# Extract hashtags using Regex

In [45]:
import pandas as pd
import re
import requests

We will use the requests.get function to get the data from the web address (URL). Python will send a GET-request to the server. Of we receive the status code 200 we have gotten an OK. 

In [46]:
url = 'https://raw.githubusercontent.com/su-mt4007/data/refs/heads/main/comments.txt'
response = requests.get(url)
response

<Response [200]>

In [47]:
response.text[:1000]

'1. "Great post! #programming #tips"\n2. "Enjoyed the article. #coding #python"\n3. "Interesting insights. #tech #data"\n4. "This is awesome! #programming #coding"\n5. "Thanks for sharing. #data #analysis"\n6. "I learned a lot. #programming #python #tips"\n7. "Cool stuff! #tech #innovation"\n8. "Amazing read. #coding #python"\n9. "Impressive content. #data #analytics"\n10. "Inspiring! #programming #tips"\n11. "Helpful tutorial. #coding #python"\n12. "I agree with the points raised. #tech #data"\n13. "This is so useful! #programming #coding"\n14. "Interesting findings. #data #insights"\n15. "Well explained. #programming #python #tips"\n16. "Exciting discoveries. #tech #research"\n17. "Brilliant insights. #coding #python"\n18. "Insightful analysis. #data #analytics"\n19. "This changed my perspective. #programming #tips"\n20. "Innovative ideas. #coding #innovation"\n21. "Love the content! #programming #python #tips"\n22. "Impressed with the insights. #tech #data"\n23. "Useful tips! #codin

We want to make every row a sentence. \n2 in the output above represent a new row. For this we will use splitlines() which returns a list with where every element is a row. 

In [48]:
comments = response.text.splitlines() 
comments[:10]

['1. "Great post! #programming #tips"',
 '2. "Enjoyed the article. #coding #python"',
 '3. "Interesting insights. #tech #data"',
 '4. "This is awesome! #programming #coding"',
 '5. "Thanks for sharing. #data #analysis"',
 '6. "I learned a lot. #programming #python #tips"',
 '7. "Cool stuff! #tech #innovation"',
 '8. "Amazing read. #coding #python"',
 '9. "Impressive content. #data #analytics"',
 '10. "Inspiring! #programming #tips"']

### We will now extract the hashtags from the data. 

In [51]:
hashtags_per_comment = [re.findall(r"#\w+", line) for line in comments] 
hashtags_per_comment[:10] 

[['#programming', '#tips'],
 ['#coding', '#python'],
 ['#tech', '#data'],
 ['#programming', '#coding'],
 ['#data', '#analysis'],
 ['#programming', '#python', '#tips'],
 ['#tech', '#innovation'],
 ['#coding', '#python'],
 ['#data', '#analytics'],
 ['#programming', '#tips']]

#### Extract the two words #python and #programming from the text

##### Strategy 1

In [5]:
pattern = r'^(?=.*#programming)(?=.*#python).*$'
matches = [c for c in comments if re.search(pattern, c)]
matches

['6. "I learned a lot. #programming #python #tips"',
 '15. "Well explained. #programming #python #tips"',
 '21. "Love the content! #programming #python #tips"',
 '30. "Inspired by the tips. #programming #python #tips"']

##### Strategy 2

In [6]:
def contains_programming_and_python(comment):
    return bool(re.search(r"#programming", comment) and re.search(r"#python", comment))

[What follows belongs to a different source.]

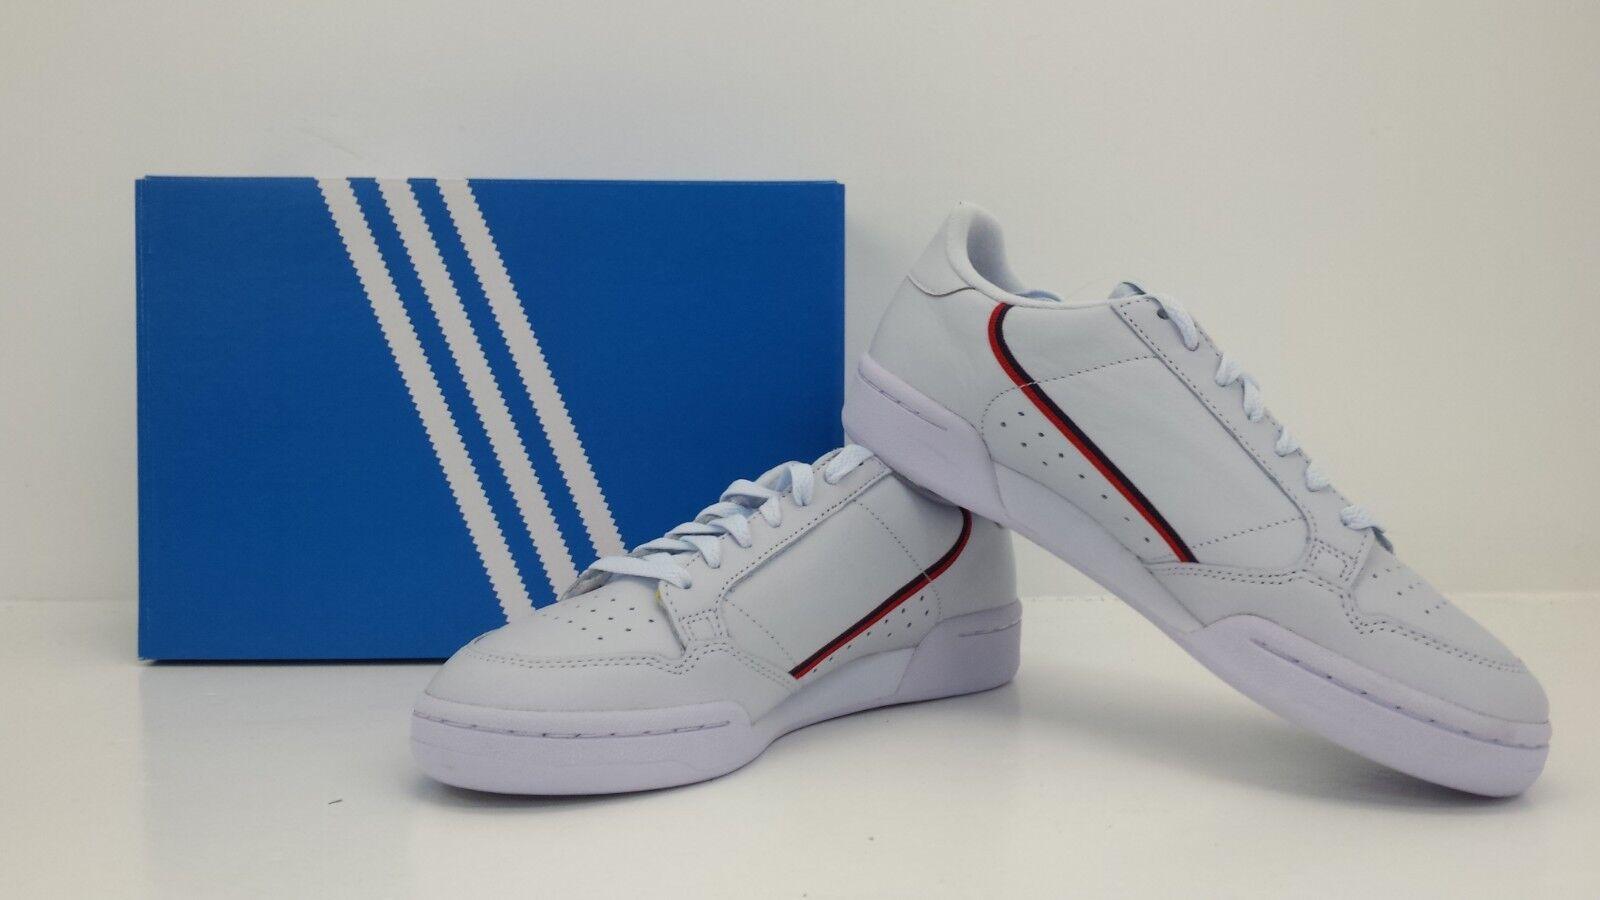 896079681b99c Adidas Originals Men s Continental 80 bluee Scar Navy B41673 - BRAND NEW IN  BOX

comments_with_both = [comment for comment in comments if contains_programming_and_python(comment)]
comments_with_both

['6. "I learned a lot. #programming #python #tips"',
 '15. "Well explained. #programming #python #tips"',
 '21. "Love the content! #programming #python #tips"',
 '30. "Inspired by the tips. #programming #python #tips"']